Anastasio holds a Master in Business Administration from the University of Chicago Booth School of Business and a bachelor’s degree in economics from College of the Holy Cross. She is a member of the Boston Security Analysts Society and the Chartered Financial Analyst (CFA) Institute. 

Retirement Clearinghouse Adds Executive VP of Public Policy

Retirement Clearinghouse LLC has appointed Renée Wilder Guerin to serve as the firm’s executive vice president of public policy.

Wilder Guerin’s primary responsibility will be to drive support for public policy matters aiming to preserve retirement savings and increase retirement security for all Americans. Wilder-Guerin will be taking over the position from Tom Johnson, who is retiring.

“Enabling seamless plan-to-plan asset portability remains a top priority for the retirement services industry, but while much progress has been made in terms of public policy on this matter, there is still much to be done,” says Spencer Williams, founder, president, and CEO of Retirement Clearinghouse. “Renée’s many years of experience working on plan design and innovative programs which advocate for, and advance, improved service and retirement savings outcomes for the federal civilian and military workforce will be crucial as we look toward the next phase of Retirement Clearinghouse’s evolution. The progress we have made thus far would not have been possible without Tom Johnson’s commitment and vision, and we wish him all the best as he begins his next chapter.”
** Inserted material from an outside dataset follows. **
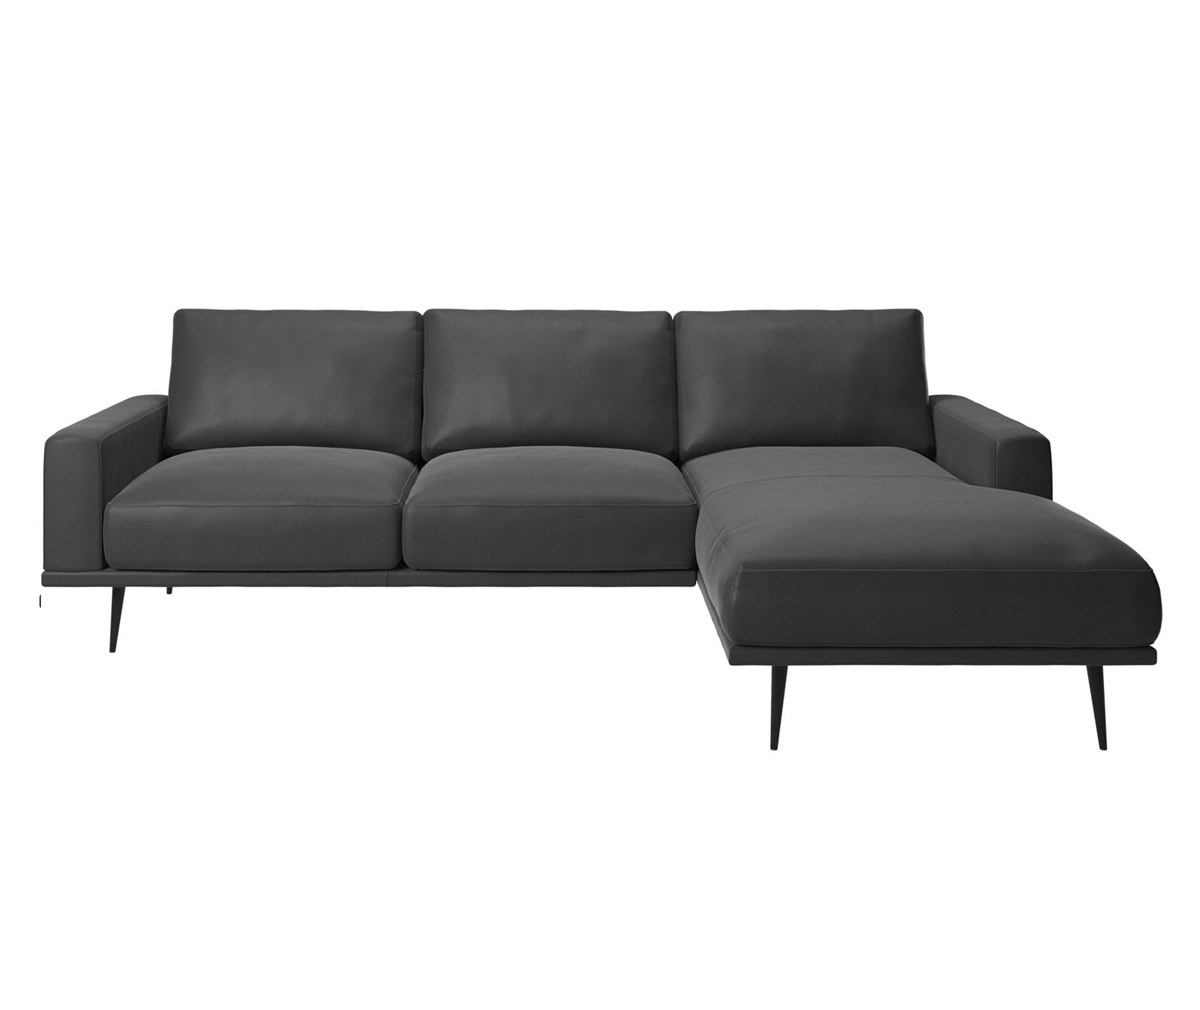 Carlton Chaise Sofa
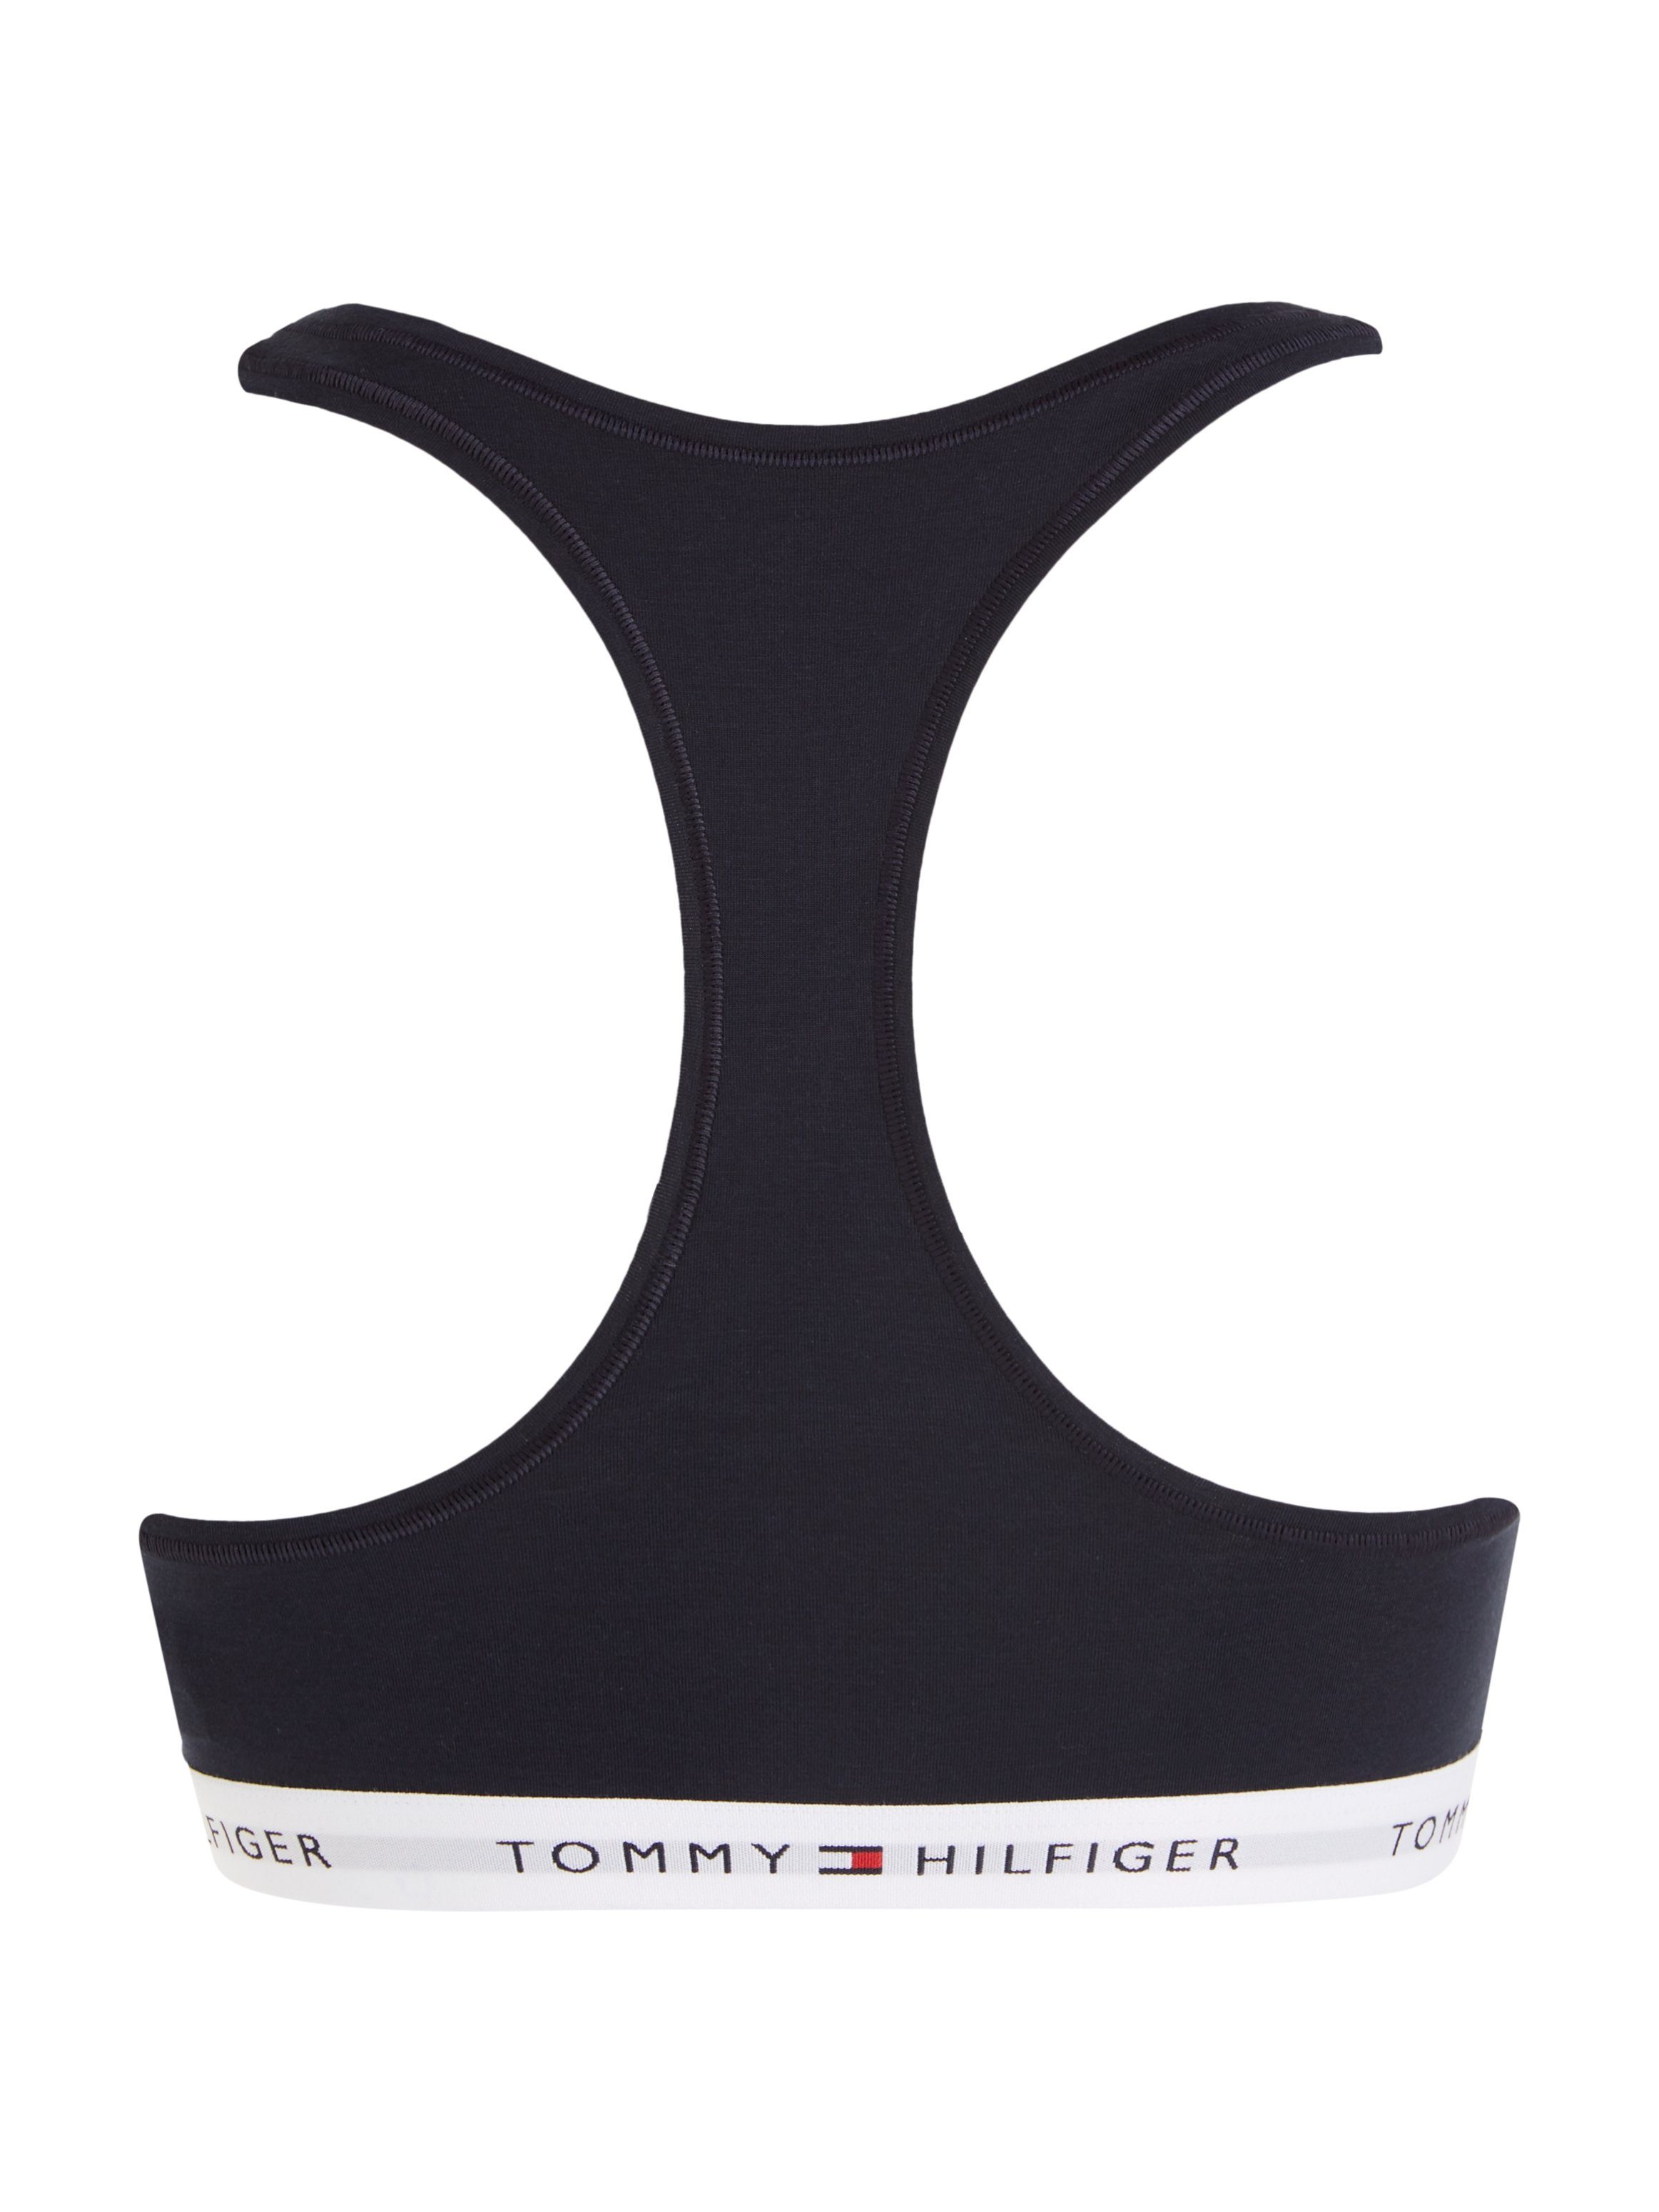 Hilfiger dem Tommy Unterbrustband Sport-Bustier Sky Hilfiger (dunkelblau) Underwear mit Tommy Schriftzügen auf Desert

Prior to joining Retirement Clearinghouse, Wilder Guerin served as director, office of enterprise planning at the Federal Retirement Thrift Investment Board (FRTIB), where she drove the vision, strategy and execution for the Thrift Savings Plan (TSP), the largest defined contribution (DC) plan in the country.

Earlier in her career, Wilder Guerin was executive director and CEO of the National Tax-Deferred Savings Association, an organization focused on 403(b) and 457(b) retirement markets. She was also an assistant vice president at MetLife Resources, where she was in charge of product development, marketing and communications in the health care, higher education and nonprofit sectors. Wilder Guerin obtained her master’s in business administration from Duke University’s Fuqua School of Business.